Friday, May 23, 2014

James and Julia 24-28 months, Part IV: Sliding Down the Wood Chip Pile, Julia Fall Butt, and One-Teen

Here is Part III: Whole Foods Mini Shopping Carts, a Tunnel, and a Giant Box

Parks

Several mornings a week I run 15 minutes to a nearby park with the twins in the jogging stroller. They play for 30 minutes in the playground and then I run home. We rotate between five parks. For a few minutes each visit I try to have them walk or run around and also show them the natural world. Julia especially loves to collect pinecones at Marymeade Park, and she displays her finds there on a park table and then counts them.

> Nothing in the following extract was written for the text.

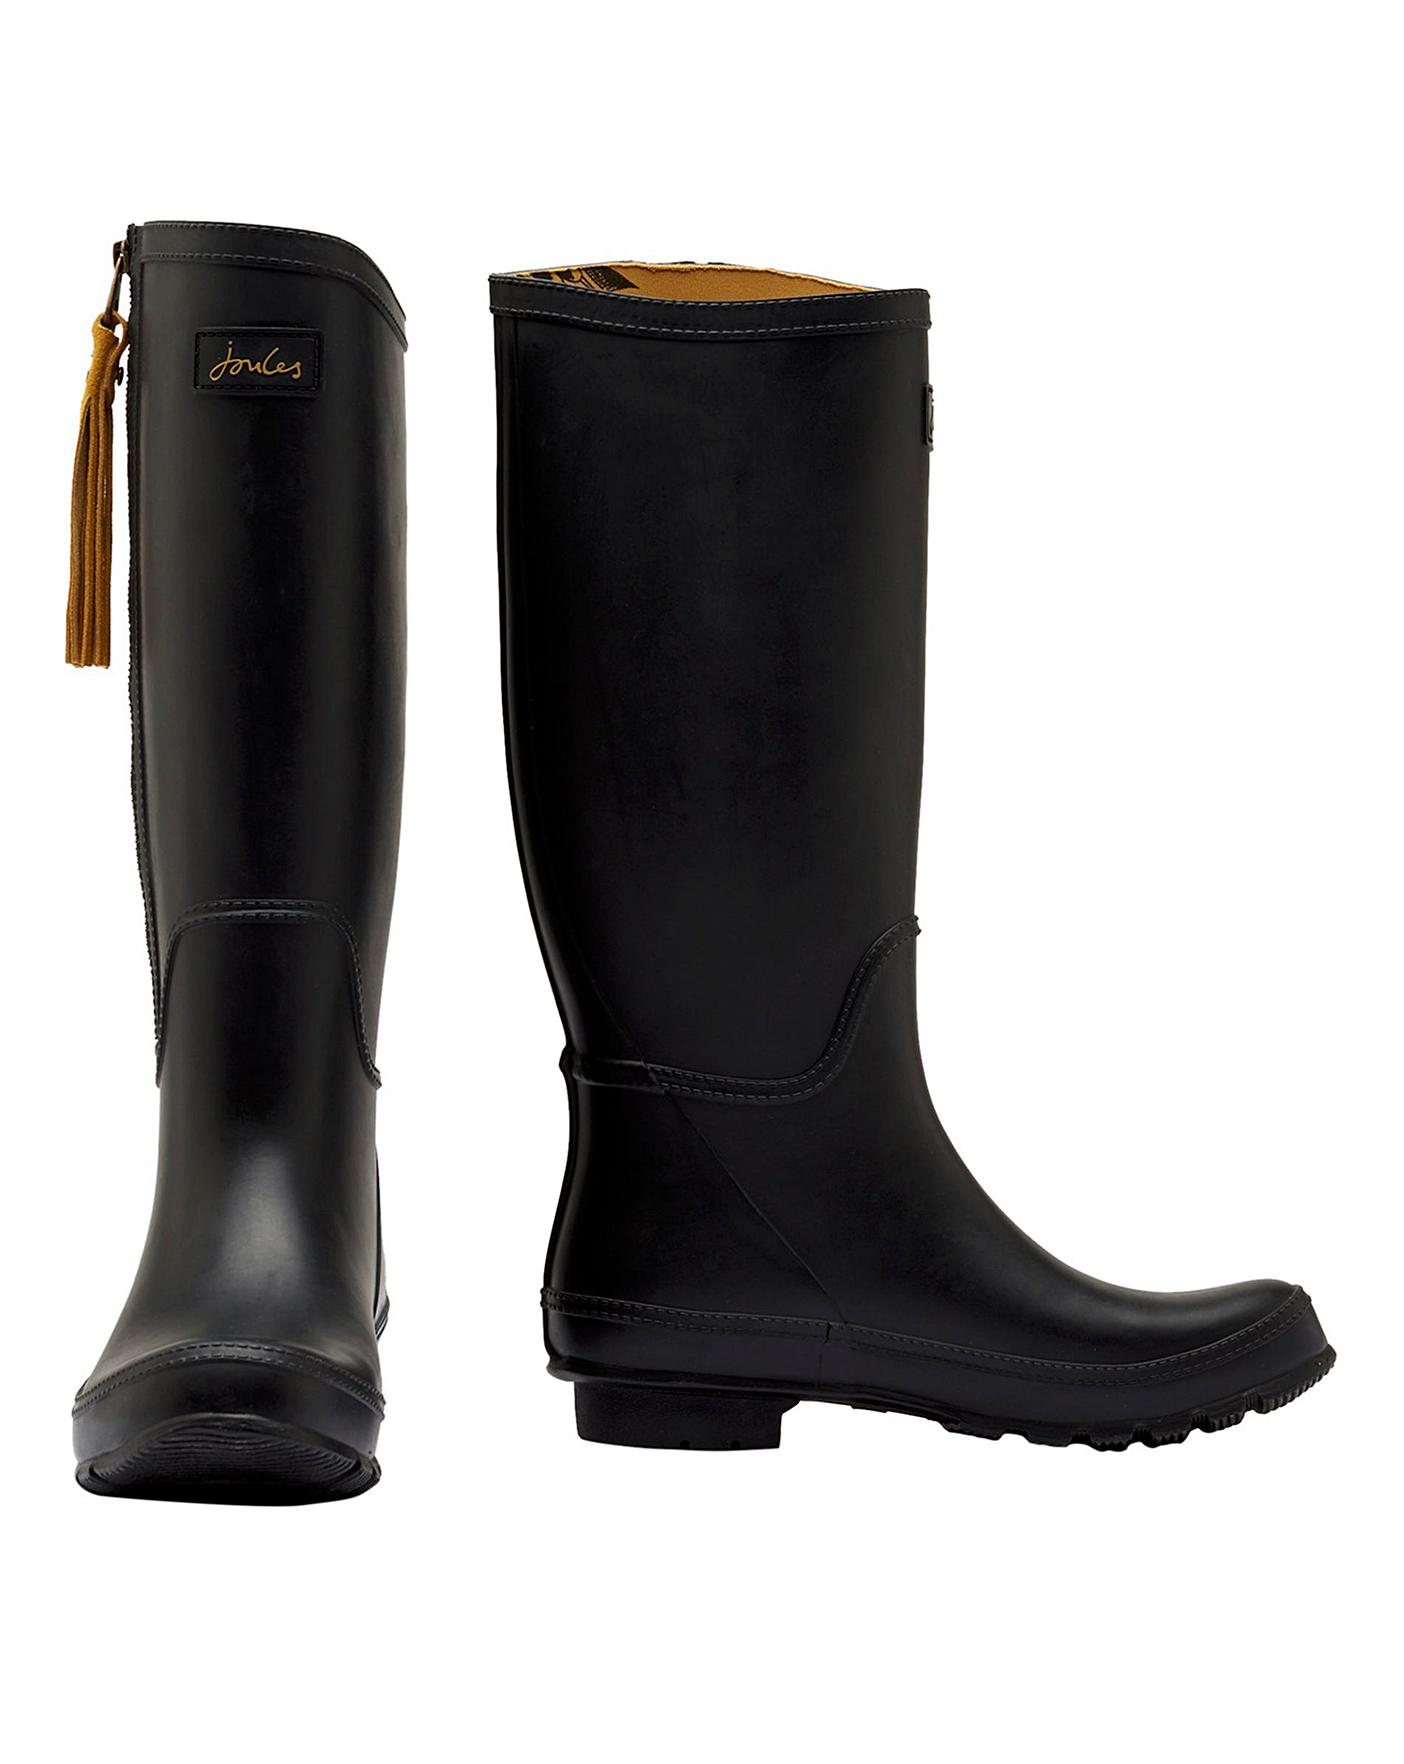 Joules Collette Equestrian Wellies D Fit | Crazy Clearance

We’re ready for a visit to the park. James is somewhere in there.
Julia with a big pinecone at McKenzie Park
In January they play in sand for the first time. (They previously touched it at Washington Park in Sunnyvale but didn’t really play in it.) James doesn’t like stepping in the sand and prefers to stand on the sidewalk to dig in it. Whenever it’s time to leave I have to let one kid fill the bag with sand toys, empty it, and then let the other fill it. Otherwise they get mad that they don’t get to do all of it.

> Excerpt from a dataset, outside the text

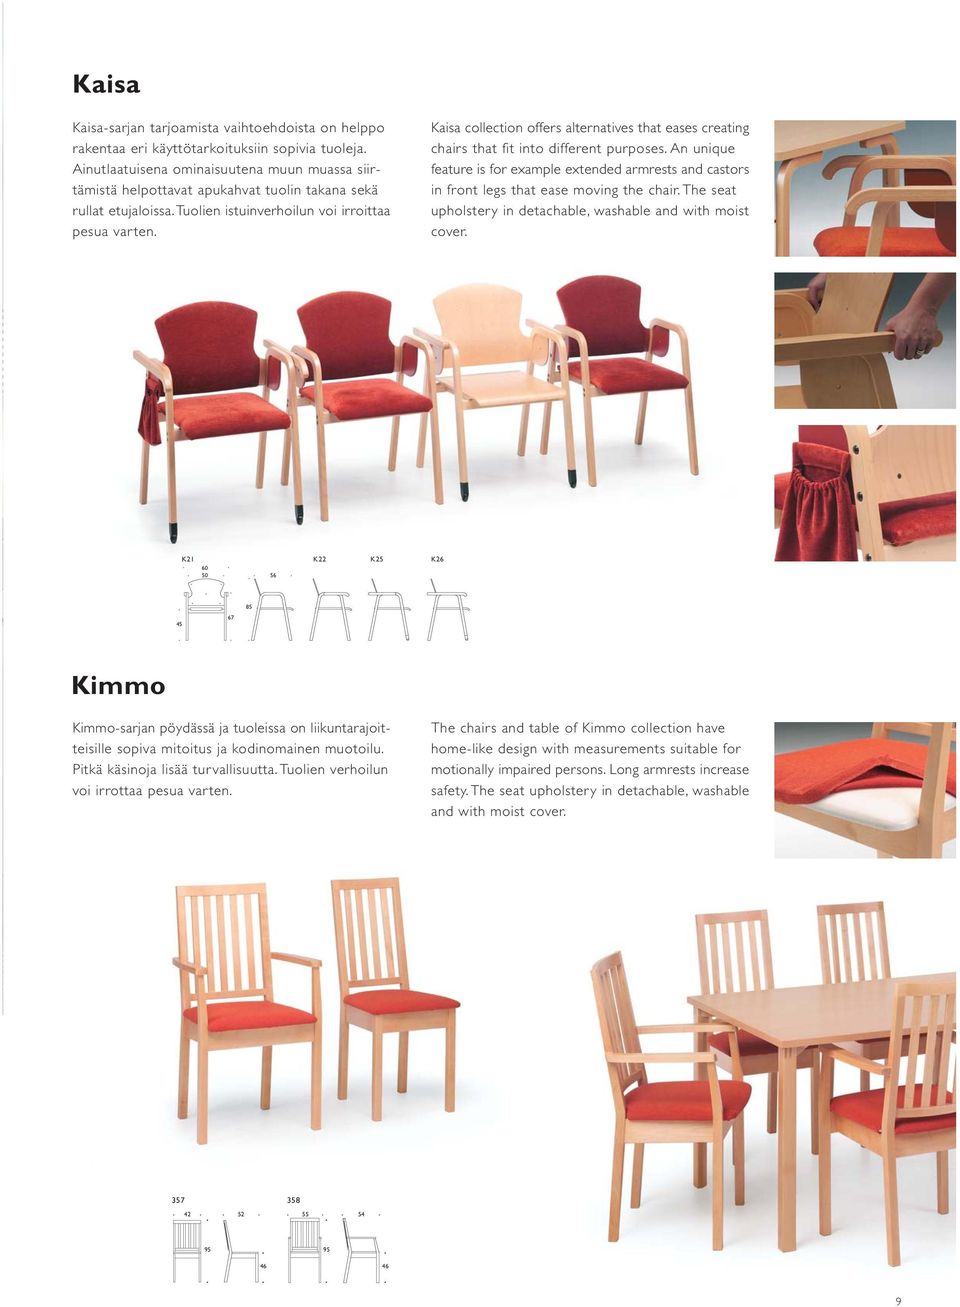 Kaisa collection offers alternatives that eases creating chairs that fit into different purposes.

James and Julia love climbing up the wood chip pile at Cooper Park, and then one day (and every day after) they get the idea to sit at the top and slide down it. One day James slides down the wood chip pile and throws wood chips (away from us), while Julia collects things she finds and makes me take a picture with her arms full of them (“Camera! Camera!”). You can tell who’s a boy and who’s a girl.

Ready to slide down the wood chip pile
Often when sitting atop the slide Julia will say “James push” or “Mommy push.” One day James puts his hands behind himself and says “James push” and goes down the slide.

At Memorial Park in Cupertino with Papa, Julia goes down the covered slide on her belly by mistake, so afterwards - even though it’s 3 inches off the ground - she tries to load herself into it but putting her feet in and walking backwards on her hands. Another highlight from our visit is the twins watching the honking geese. James hears them and declares, “music!”

Julia liked when she inadvertently went down the slide on her belly so much so she attempted to launch herself down that way again.
James’s haircuts are often followed by the reward of a park visit, and when he’s in town Papa comes with us. One such day at McKenzie Park the twins walk atop the stump wall and James carefully walks holding Papa’s hand. Meanwhile, Julia charges forward holding no one’s hand.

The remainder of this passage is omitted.